Friday, November 7, 2008

Paint It Blue

The post I'm not a seismologist was about the kerfluffle coming for the paint manufacturers. (I've decided I don't much like the word, crisis, as the urge is to use it so often lately it begins to have the same force as the threat of terrorism color code of the day so from now on unless it's an actual crisis kerfluffle will stand in for the possibility of destruction, chaos and the imminent imploding of the known paintball universe.) The later post monopoly 101 was about the ongoing dialogue considering the prospect of the MS (and possibly) the PSP restricting event gear sales and usage to league sponsors only. What intrigues me about this pair of posts is what conclusions might be drawn from information already in hand. (That, and I get to rehash in greater detail topics already commented on because I never know when to stop.)
This off season's paint sponsorships will go a long way to predicting the viability of the pro game and teams for next season. Sponsorship was down last year and if the rumors and restructuring have any validity availability is likely to tighten further.
The current practice – restricting brands available to league sponsors – for selling paint at events would seem to make the case for extending that policy across the board. But it doesn't, not when examined in any detail. For starters paint is unique in that it's meant to be used up. Like buying a hamburger. Or keeping it to paintball, batteries. Your purchase assumes consumption and has no long term consequences. Unlike virtually everything else you might buy in order to play the game. Even so, paint choice isn't irrelevant and is frequently simply tolerated by non-sponsored teams who are more price sensitive than brand sensitive. And the current practice must raise the price of any case of paint regardless of how reasonable it may seem because the vendors have to not only cover their ordinary expenses but also the premium the league charges.
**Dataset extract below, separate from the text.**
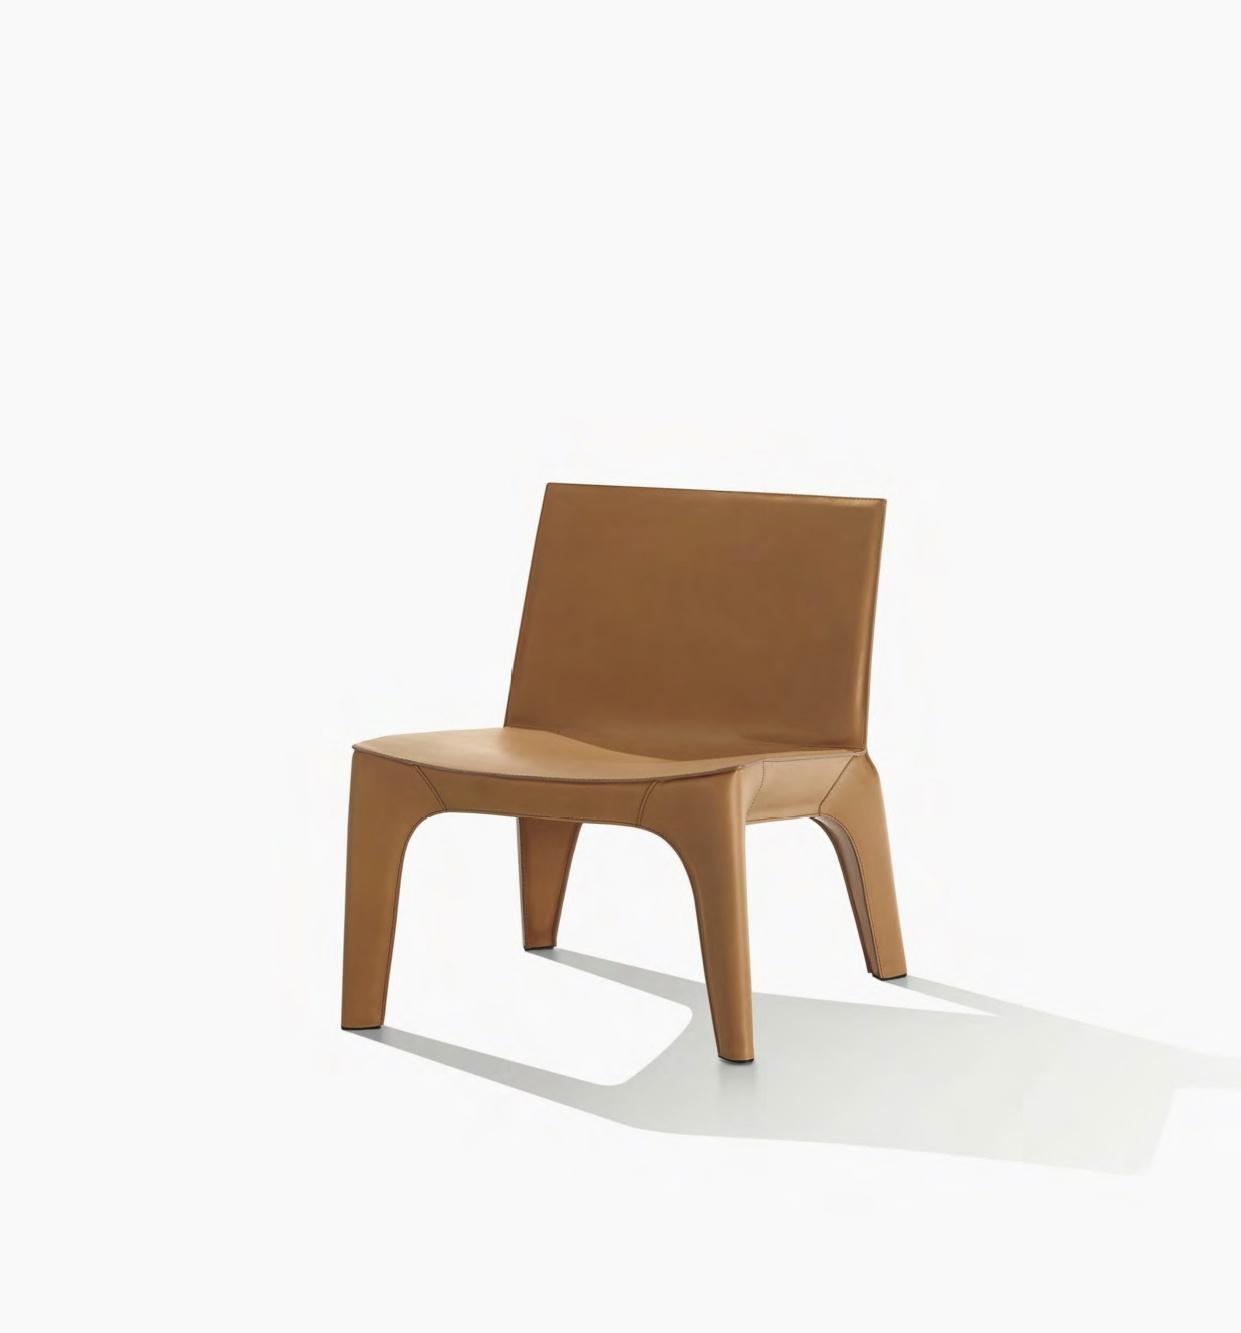 Кресло Poliform BB , кожаное кресло, кресло из натуральной кожи, кожаная мебель, мебель из натуральной кожи Калининград,Мебель из Италии, Купить кресло в Калининграде, дизайнерское кресло, стильное кресло, дизайн интерьера, дизайн интерьера Калининград, купить мебель в Калининграде, современный стиль, современная мебель, дизайн интерьера, купить дизайнерское кресло в Калининграде, мебель для спальни, мебель для гостиной Калининград,итальянский стиль, итальянский дизайн, итальянская мебель, итальянский интерьер, заказать мебель из Италии, мебель из Италии Калининград,кресло Poliform , мебель Poliform
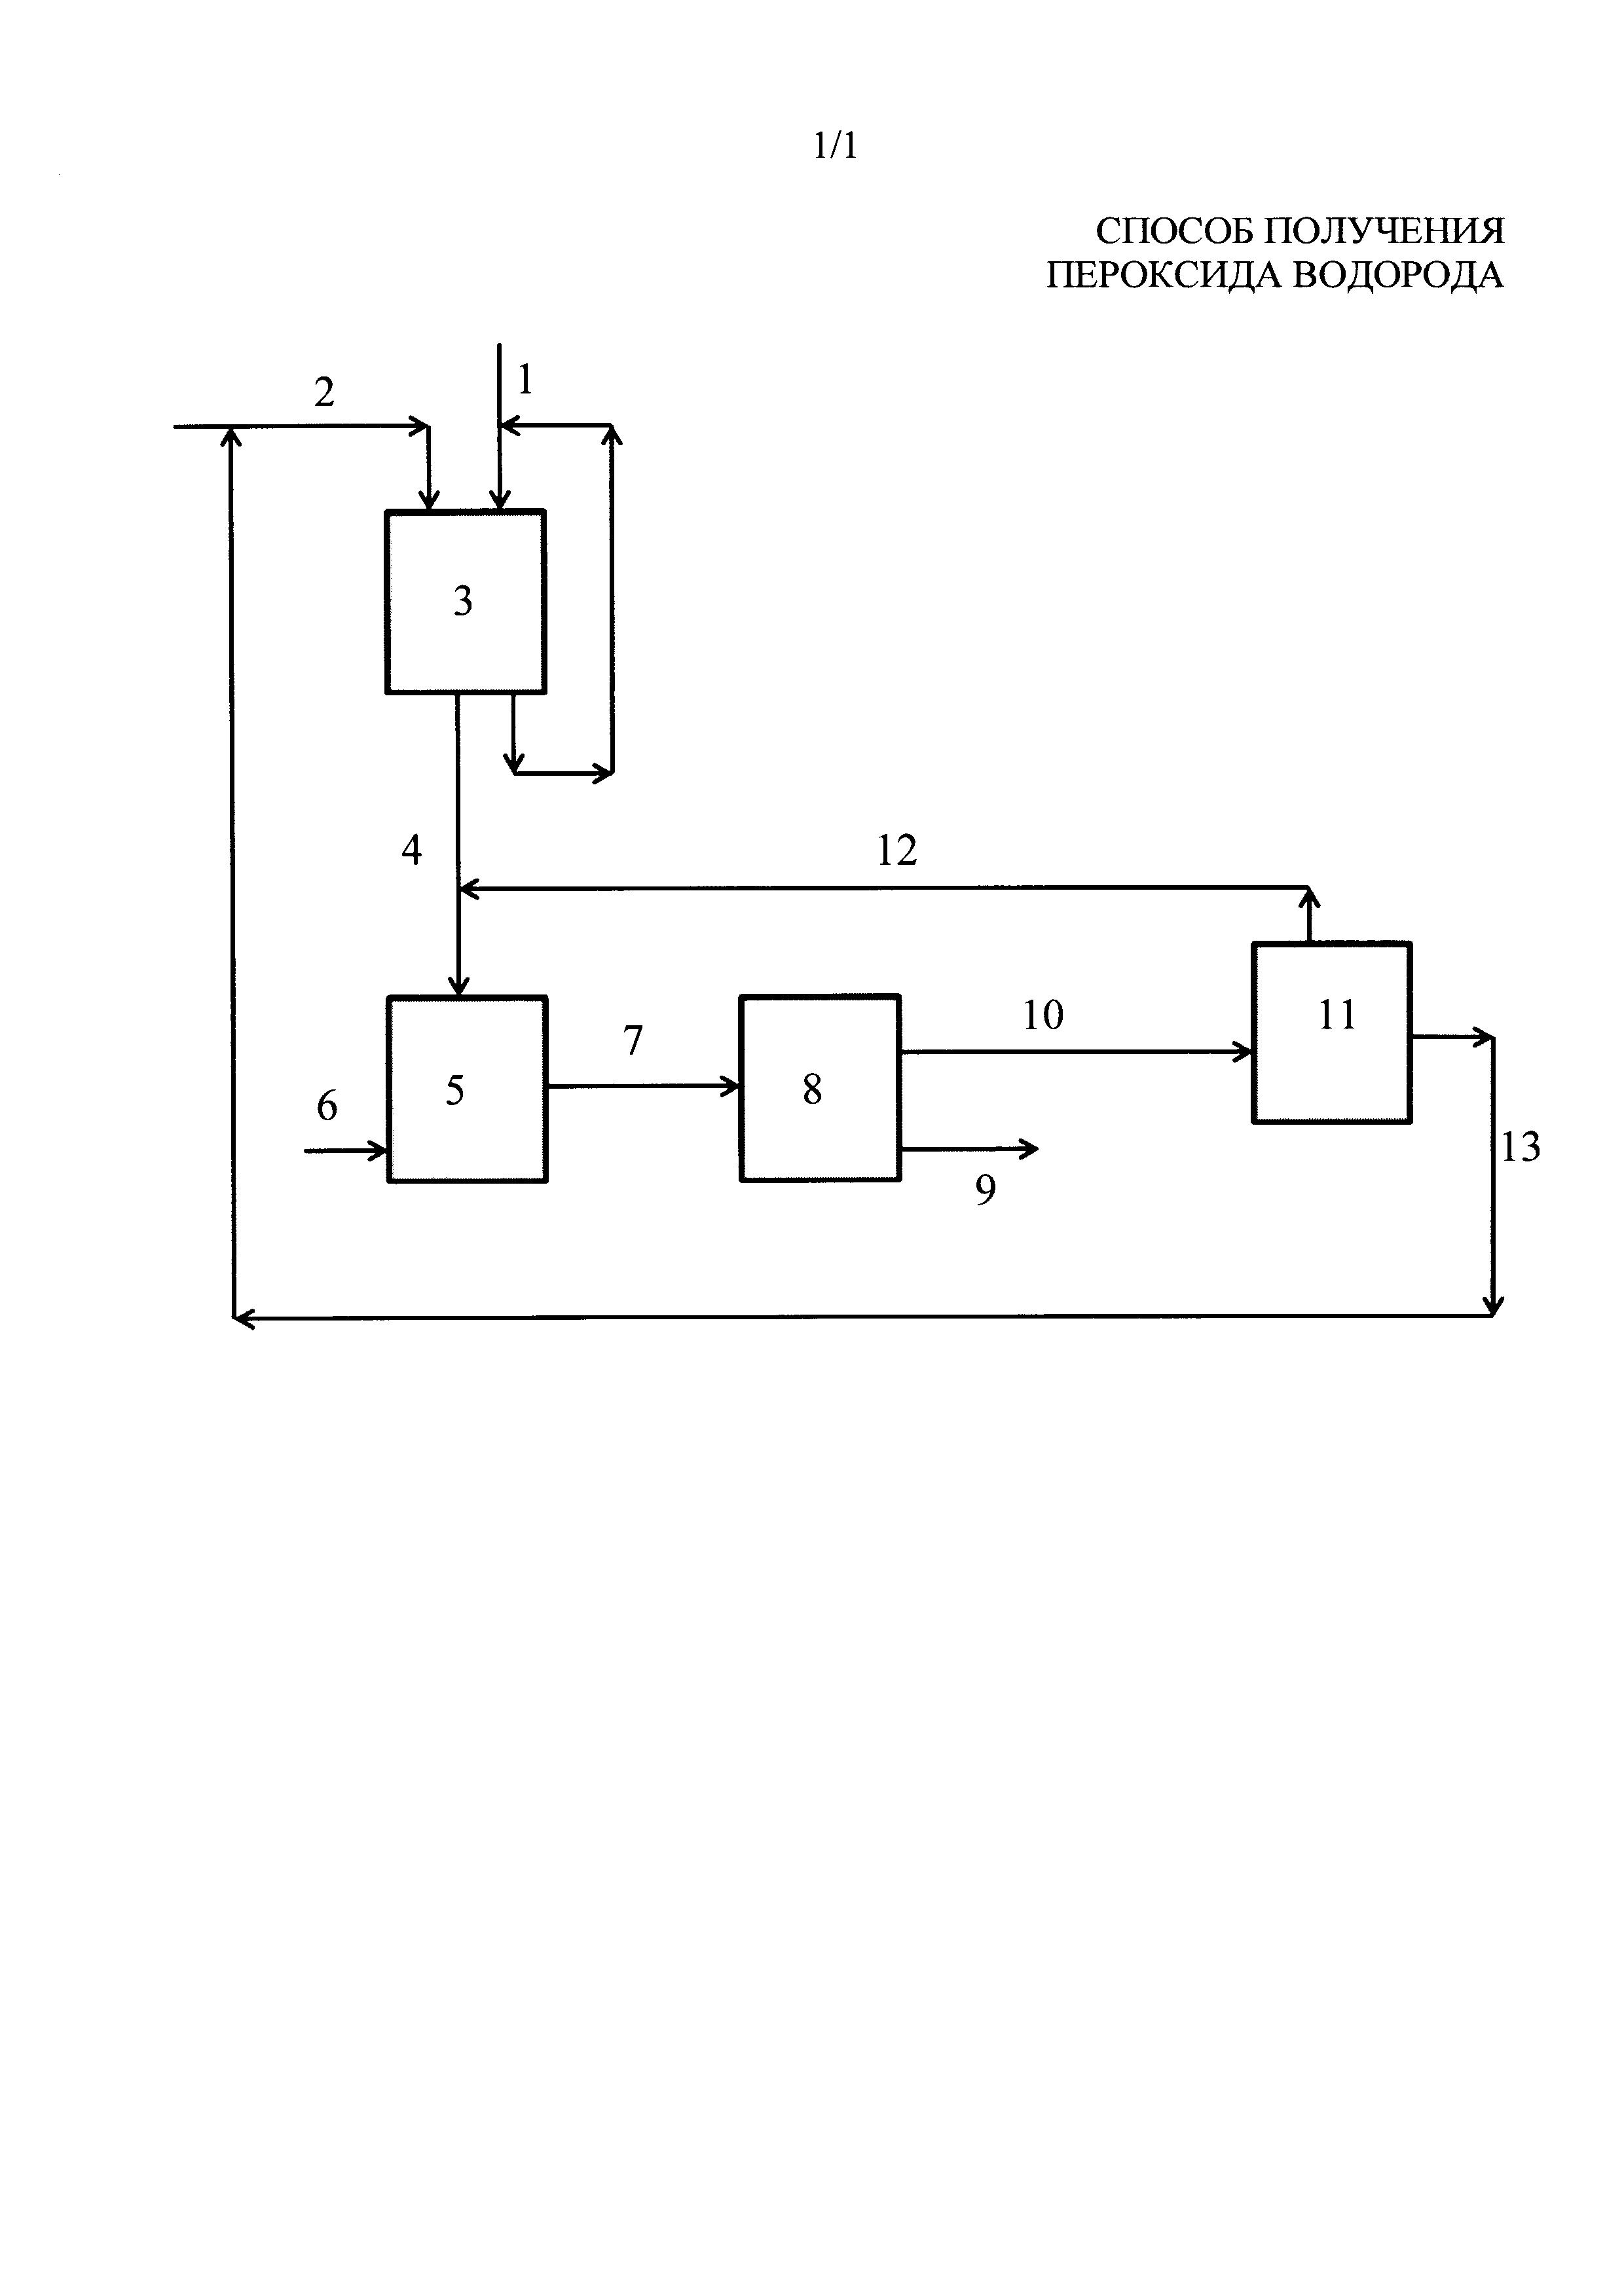 Способ получения пероксида водорода

And at this point in time that is becoming prohibitive for the vendors – end of the day their wallet is bare, too. The larger problem is the old economies are failing to apply anymore. As everyone gets squeezed it becomes harder and harder to make the process, at any stage, profitable.
Instead the place Big League paintball finds itself is with the leagues facing unpredictable but almost certainly tougher times (think Richard Harris in A Man Called Horse) in the immediate future in part because of the precarious position of the paint manufacturers. In an environment where mid-sized and small vendors struggle to justify participating in Big League paintball instituting sponsor only restrictions across all paintball related gear sales and use is suicidal folly. The rationale with paint was to justify the promotion charging the paint manufacturers for the right to sell at the event. [The leagues can't charge the sellers for the right to sell if somebody who doesn't pay can sell, too.] Not only won't that work to improve league revenues with respect to gear it will drive all but a handful of heavily invested vendors away as well as some (probably significant) number of teams and players beyond the likely losses from the economic downturn. Beyond that it will raise the bar on future participation to a prohibitive level that will keep business and teams away.
Among other things it badly misjudges the current market trends and the value of participating in Big League paintball at every level.

Kay, I think that (hopefully) dead horse has been thoroughly and sufficiently beaten.